Fulfilment at the Edinburgh Fringe: 'After hearing worker testimonials, we don't use Amazon any more'

Sharklegs’ new piece explores the experiences of those working in Amazon Fulfilment Centres

© Tom Ziebell

When we began working on this show, we used Amazon. As theatre makers there was nothing better than realising you need a squeaky pig for the show and having it arrive the next day. But after hearing the testimonials of real Fulfilment Centre workers, we don't use Amazon any more. Once you meet the workers who have to walk 10 to 15 miles a day just to pick up your squeaky pig, you stop needing it tomorrow.

"Yeah – I work there, so what? You want me to say something like in the Panorama…"

So began a chance interaction with Graham [not his real name]. We had been developing the show for 10 months, researching all the articles we could get our hands on and had even visited the warehouse site in Tilbury, but it wasn't until Graham overheard us chatting on the train that we put a face to the experience.

Only after explaining that we were not looking for "dirt" but wanted to meet and chat to real workers did Graham finally lower his guard and not only chat with us, but introduce us to some of the other workers he knew – although he couldn't quite comprehend why we were so interested. "It's just a job. No one likes their job."

A computer creates distance, it creates a space between you and the people you are asking to work for your money

Everyone uses Amazon now. It's weirdly diverse, old and young, wealthy and low income, it has become the default option for shopping online, even the Fulfilment Centre workers we interviewed used Amazon – in the same breath that they told us they've been forced to come in to work sick because otherwise they'd lose the job, they told us they could pick up items they ordered from the Amazon safe lockers as they left work. We just all love ordering from Amazon! That's really why we made this show, Fulfilment is disarmingly funny and playful, our gorgeous puppet Robox charms the audience and makes its way into their lives. There's no point lecturing an audience, you need to win them over and Robox is our secret charm weapon!

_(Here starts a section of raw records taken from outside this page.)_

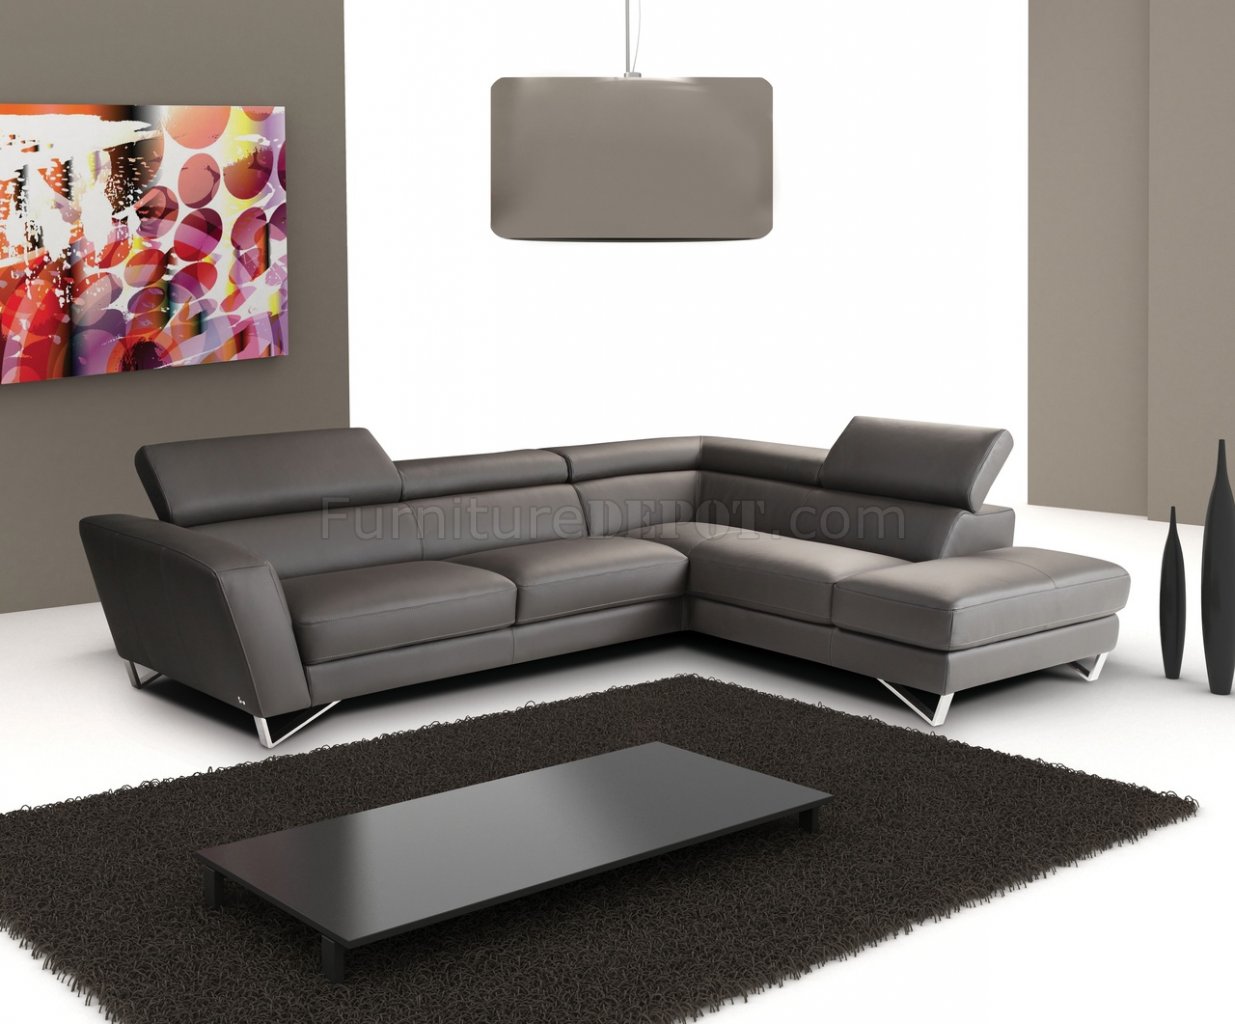 Full Leather Modern Sectional Sofa, Charcoal Grey Leather Sectional
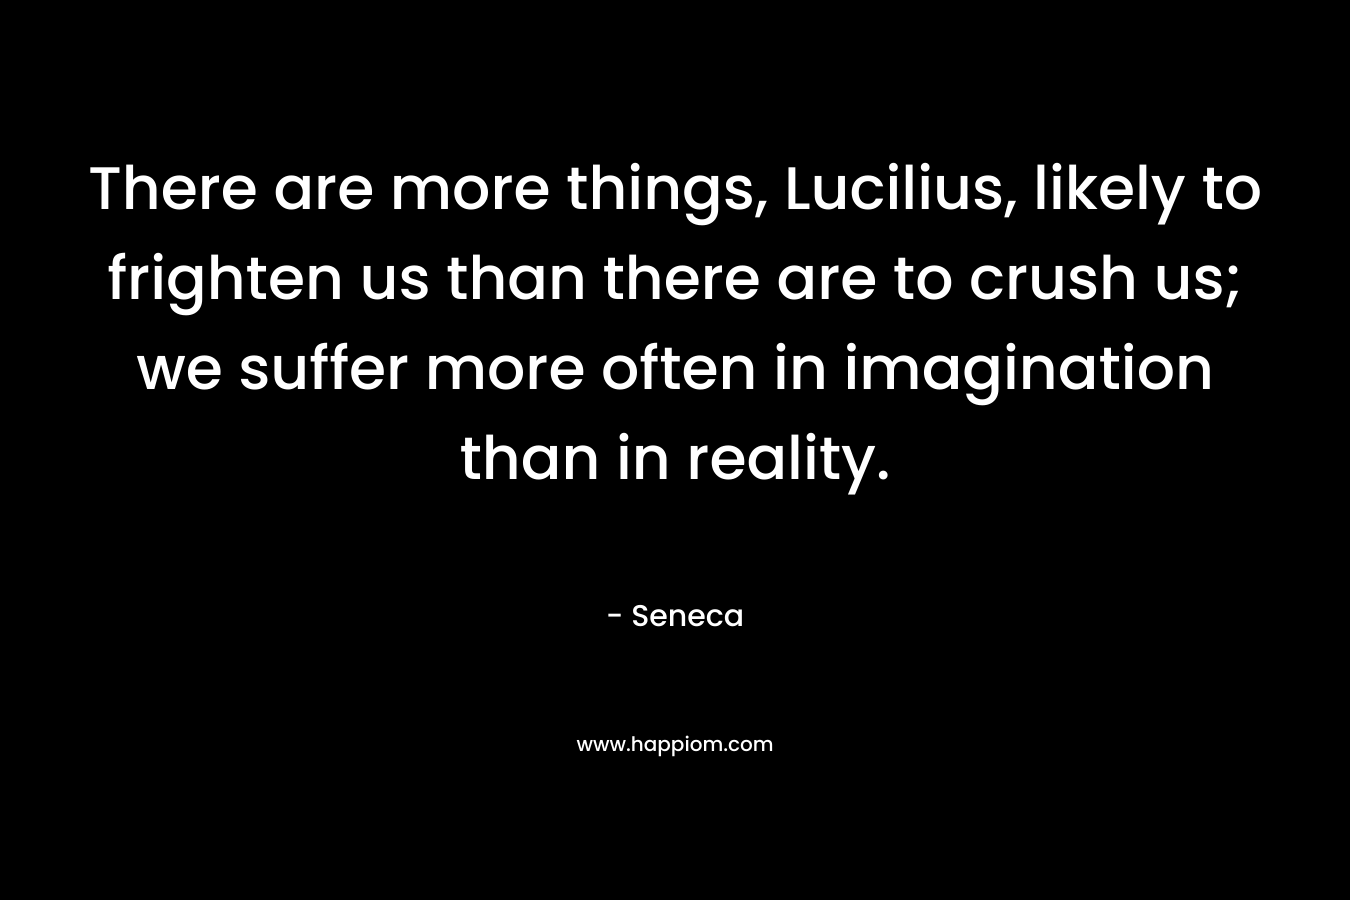 There are more things, Lucilius, likely to frighten us than there are to crush us; we suffer more often in imagination than in reality. – Seneca
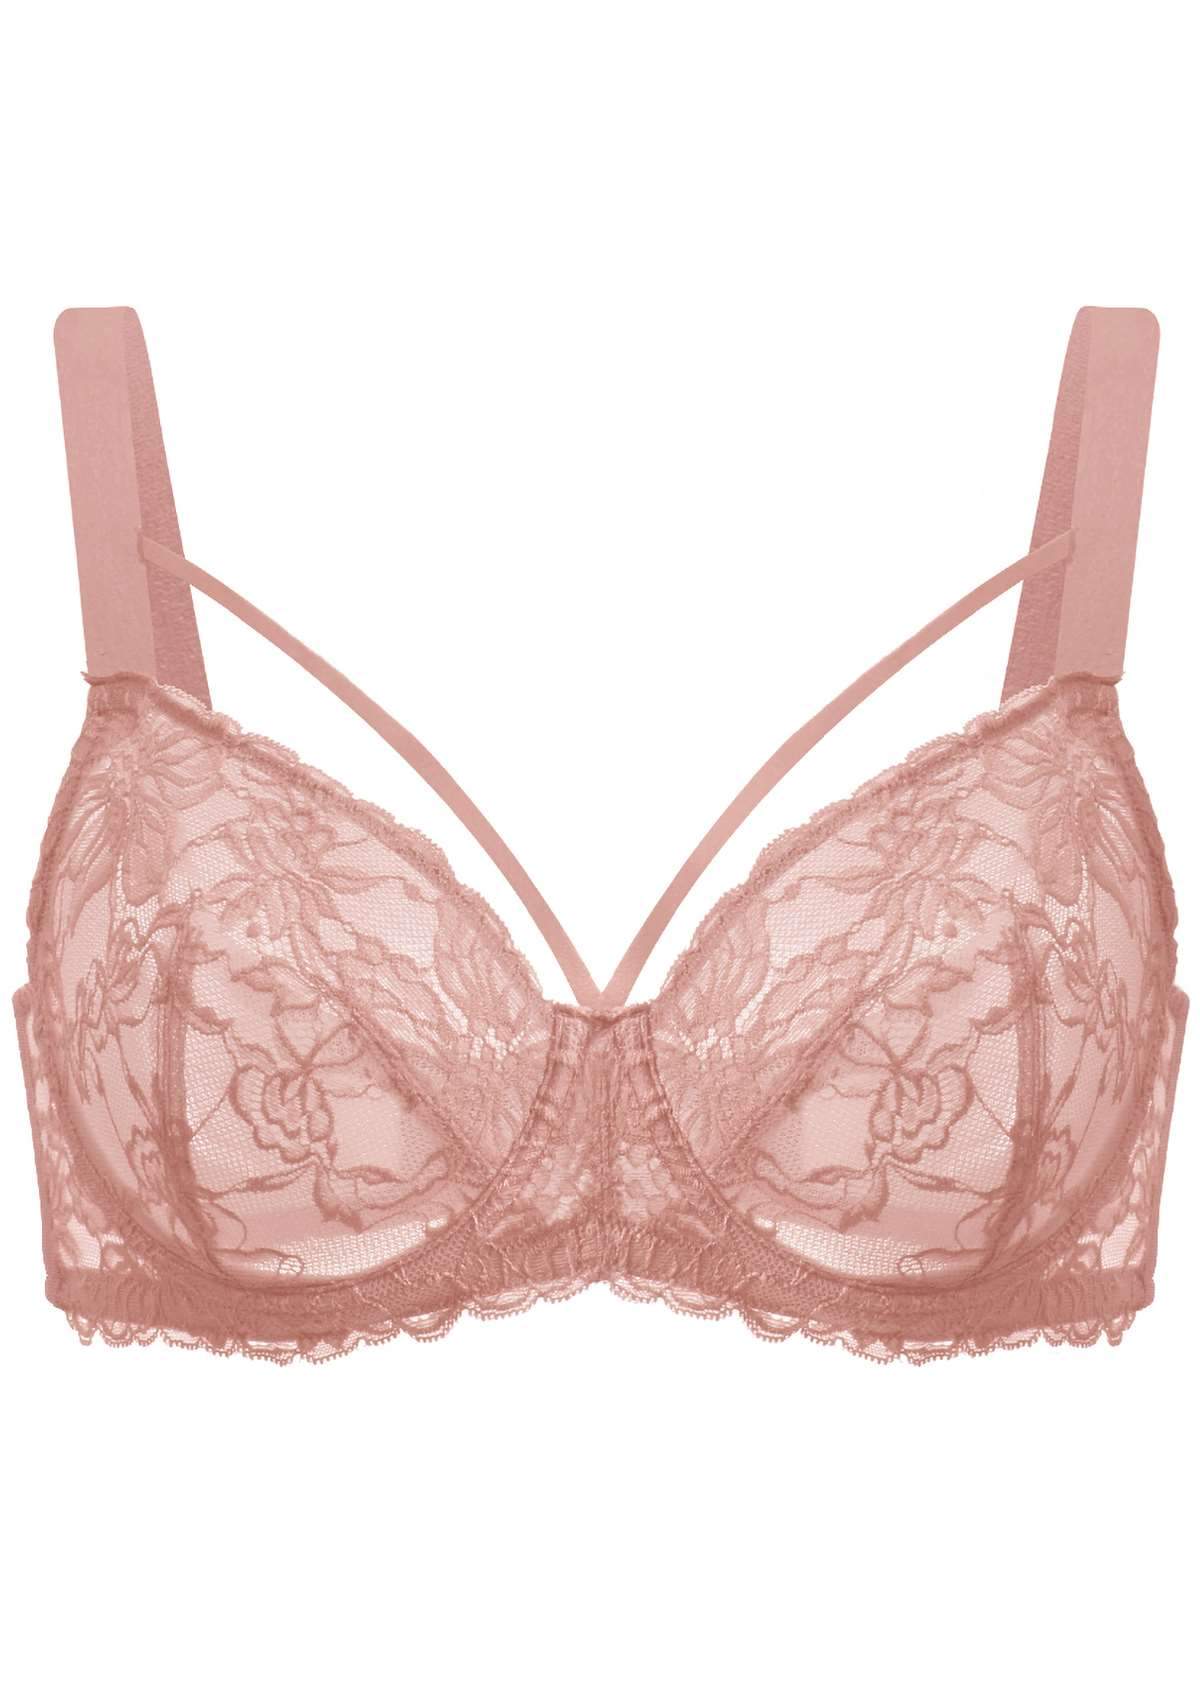 HSIA Pretty In Petals Lace Bra And Panty Sets: Bra For Big Boobs - Light Coral / 34 / DDD/F
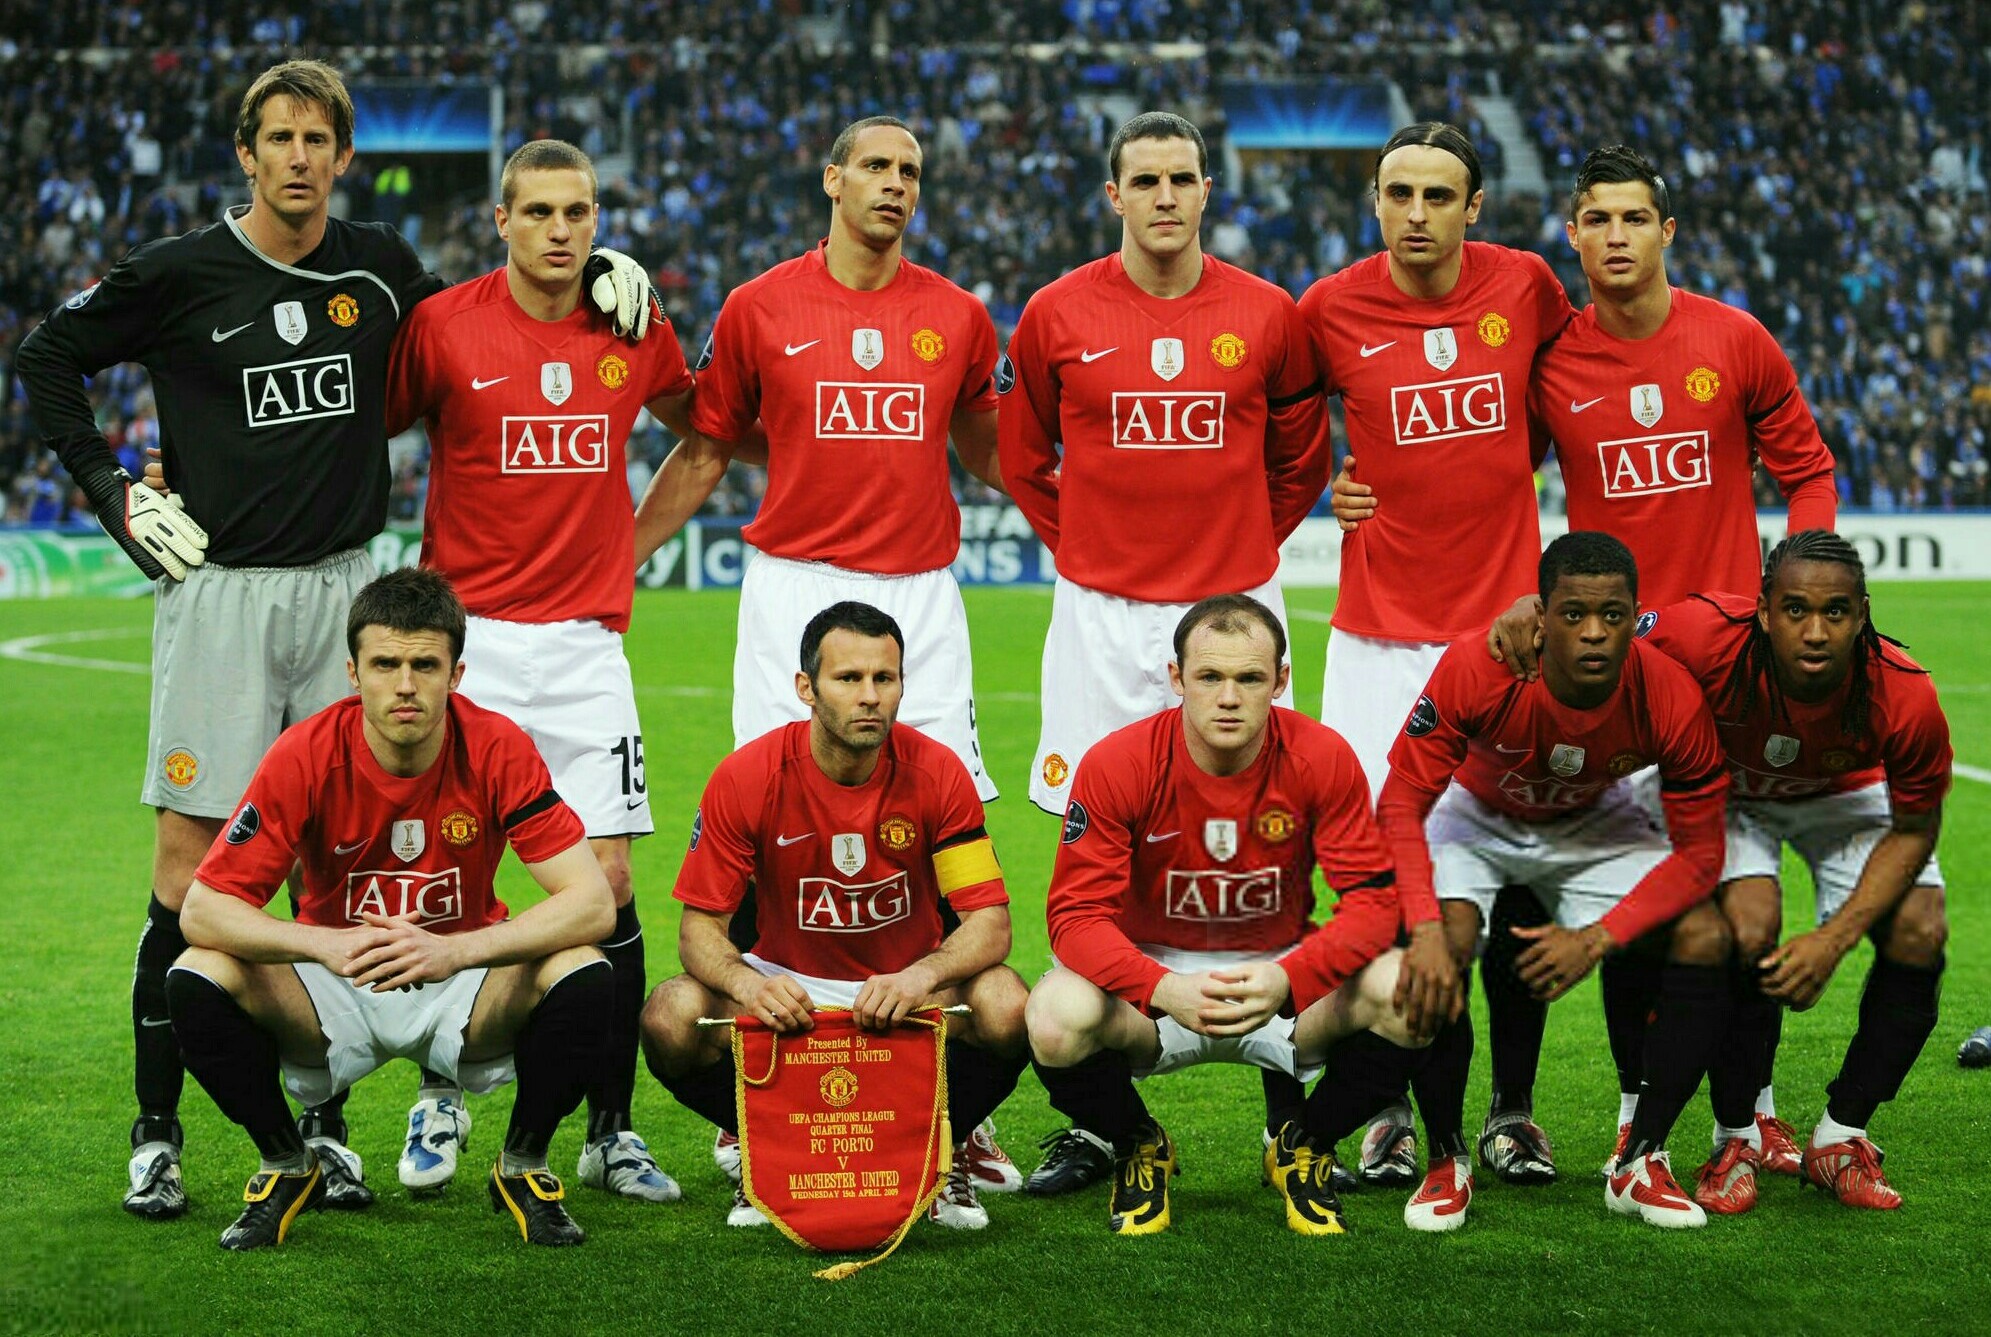 Ams_R on X: Squad Manchester United Line Up - 2009 - 2010 - 2011

A computer creates distance, it creates a space between you and the people you are asking to work for your money, it allows us to not see the vast human machine needed to provide you with the most convenience. It becomes possible not to empathise, to literally not see the people who make your life easier. Theatre is the opposite of that – it's about sitting in a room sharing the experience, the stories are right there in front of you, the people might be next to you and you can see the real sweat, and in this show you can eat the real hobnobs. We wanted to make this show to bring the voices from the people behind the screen to the people who sit in front of it.